There was some code cleanup and refactoring to support the following features:

  • Per-row observation weights
  • Per-row offsets
  • N-fold cross-validation
  • Support for more distribution functions (such as Gamma, Poisson, and Tweedie)

Defining a GBM Model

  • model_id: (Optional) Specify a custom name for the model to use as a reference. By default, H2O automatically generates a destination key.

  • training_frame: (Required) Specify the dataset used to build the model. NOTE: In Flow, if you click the Build a model button from the Parse cell, the training frame is entered automatically.

  • validation_frame: (Optional) Specify the dataset used to evaluate the accuracy of the model.

  • nfolds: Specify the number of folds for cross-validation.

  • response_column: (Required) Specify the column to use as the independent variable. The data can be numeric or categorical.

  • ignored_columns: (Optional) Specify the column or columns to be excluded from the model. In Flow, click the checkbox next to a column name to add it to the list of columns excluded from the model. To add all columns, click the All button. To remove a column from the list of ignored columns, click the X next to the column name. To remove all columns from the list of ignored columns, click the None button. To search for a specific column, type the column name in the Search field above the column list. To only show columns with a specific percentage of missing values, specify the percentage in the Only show columns with more than 0% missing values field. To change the selections for the hidden columns, use the Select Visible or Deselect Visible buttons.

  • ignore_const_cols: Specify whether to ignore constant training columns, since no information can be gained from them. This option is enabled by default.

  • ntrees: Specify the number of trees to build.

  • max_depth: Specify the maximum tree depth.

  • min_rows: Specify the minimum number of observations for a leaf (nodesize in R).

  • nbins: (Numerical/real/int only) Specify the number of bins for the histogram to build, then split at the best point.

  • nbins_cats: (Categorical/enums only) Specify the maximum number of bins for the histogram to build, then split at the best point. Higher values can lead to more overfitting. The levels are ordered alphabetically; if there are more levels than bins, adjacent levels share bins. This value has a more significant impact on model fitness than nbins. Larger values may increase runtime, especially for deep trees and large clusters, so tuning may be required to find the optimal value for your configuration.

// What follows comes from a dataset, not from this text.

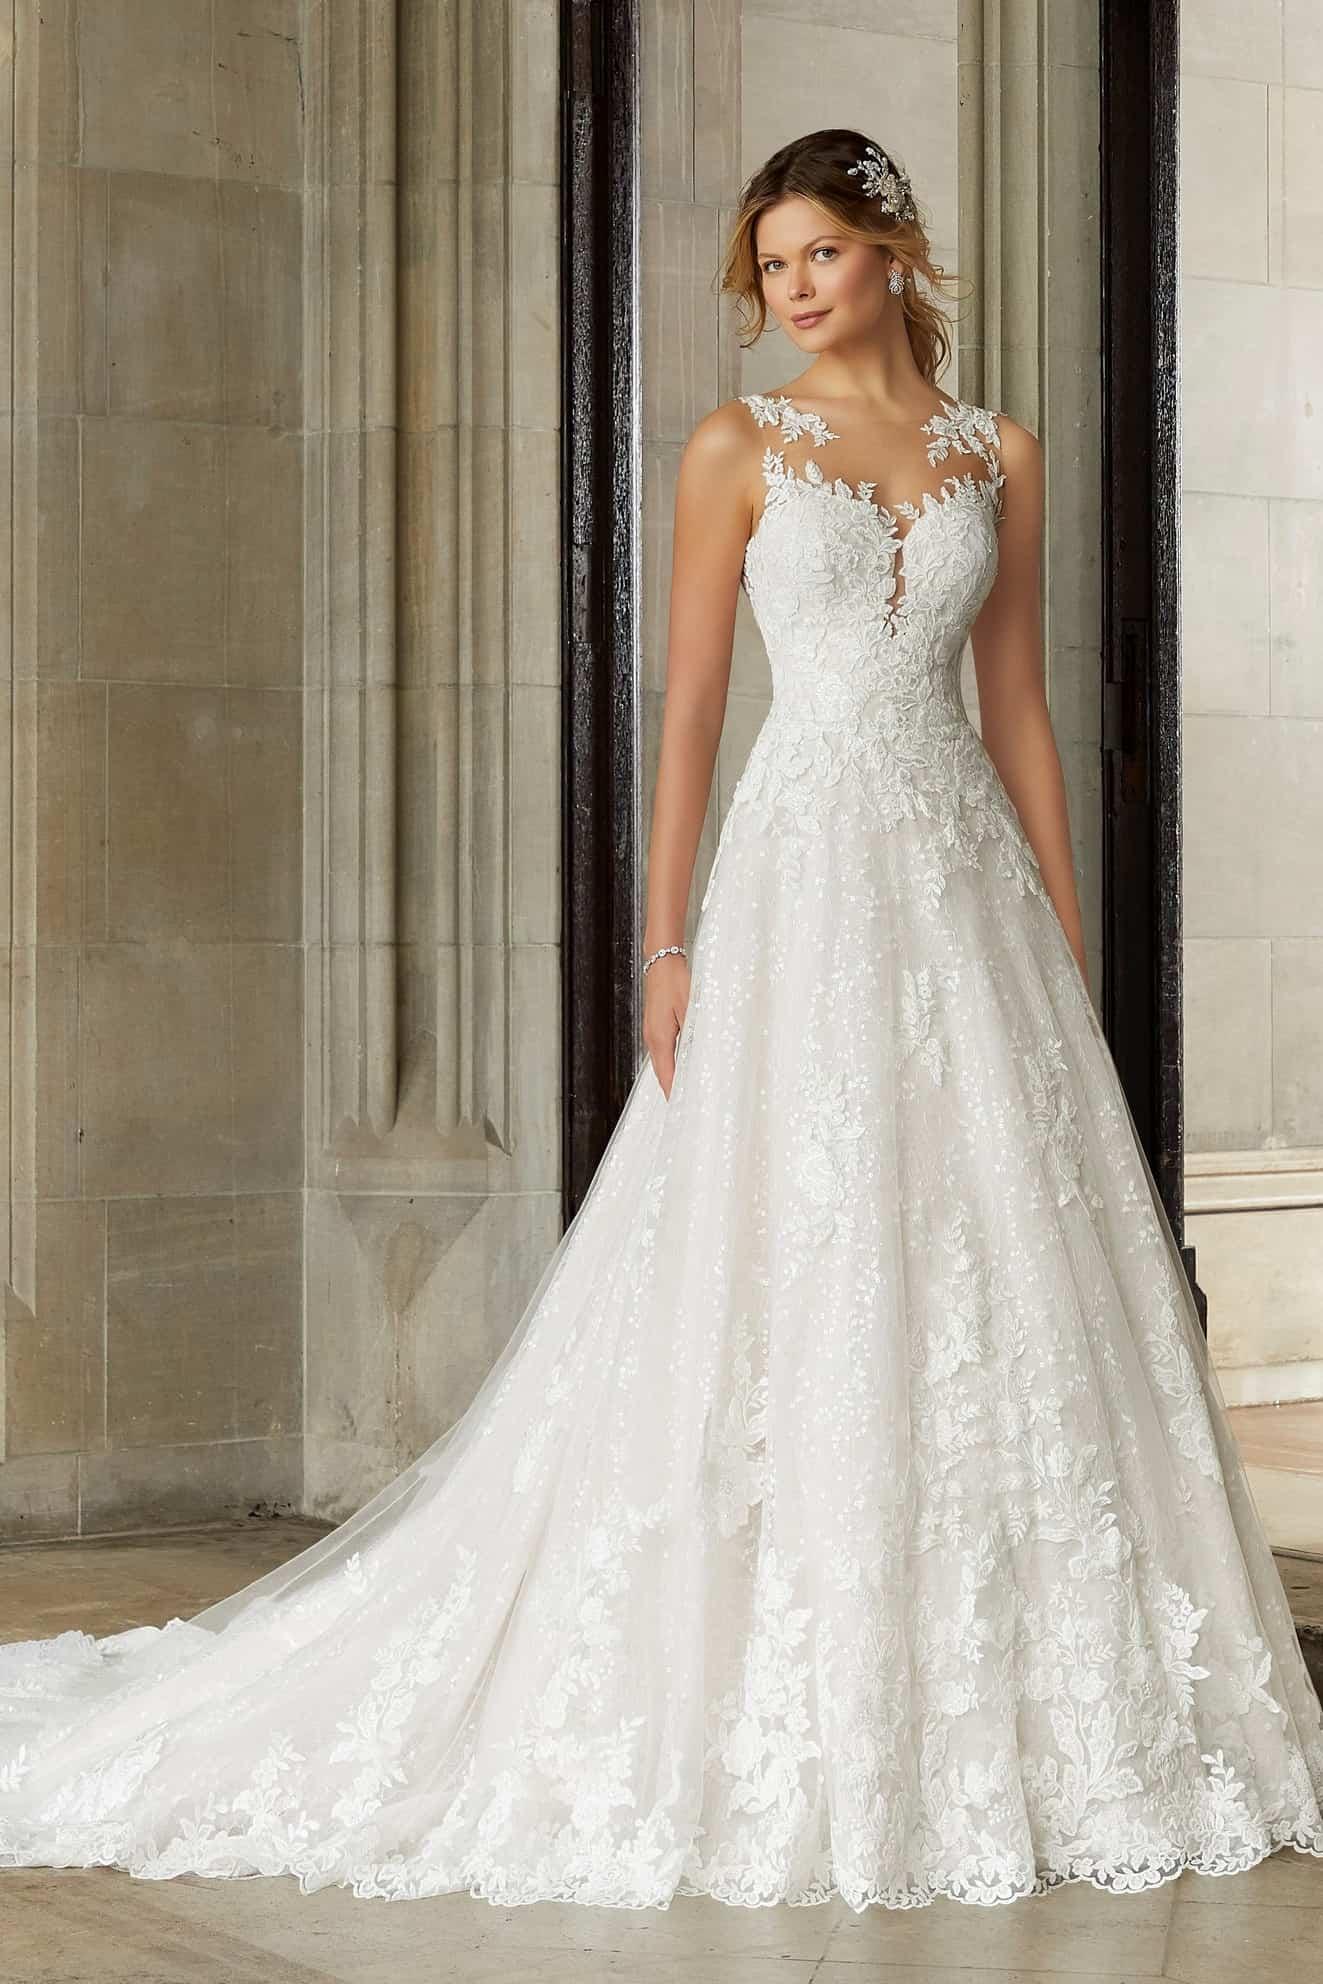 """A vonalú csipke esküvői ruha magas nyakkivágással, illúzió részletekkel díszítve. Style: Sansa/2130 a Morilee """"Reverie"""" kollekcióból"""

  • seed: Specify the random number generator (RNG) seed for algorithm components dependent on randomization. The seed is consistent for each H2O instance so that you can create models with the same starting conditions in alternative configurations.

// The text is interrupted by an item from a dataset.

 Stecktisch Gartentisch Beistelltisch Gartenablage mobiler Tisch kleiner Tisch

  • learn_rate: Specify the learning rate. The range is 0.0 to 1.0.

  • distribution: Specify the loss function. The options are auto, bernoulli, multinomial, gaussian, poisson, gamma, or tweedie.

    • If the distribution is multinomial, the response column must be categorical.
    • If the distribution is poisson, the response column must be numeric.
    • If the distribution is gamma, the response column must be numeric.
    • If the distribution is tweedie, the response column must be numeric.
    • If the distribution is gaussian, the response column must be numeric.
    • If the distribution is multinomial, the response column must be categorical.
    • If the distribution is poisson, the response column must be numeric.
    • If the distribution is gamma, the response column must be numeric.
    • If the distribution is tweedie, the response column must be numeric.
    • If the distribution is gaussian, the response column must be numeric.
    • If the distribution is laplace, the data must be numeric and continuous (Int).
    • If the distribution is quantile, the data must be numeric and continuous (Int).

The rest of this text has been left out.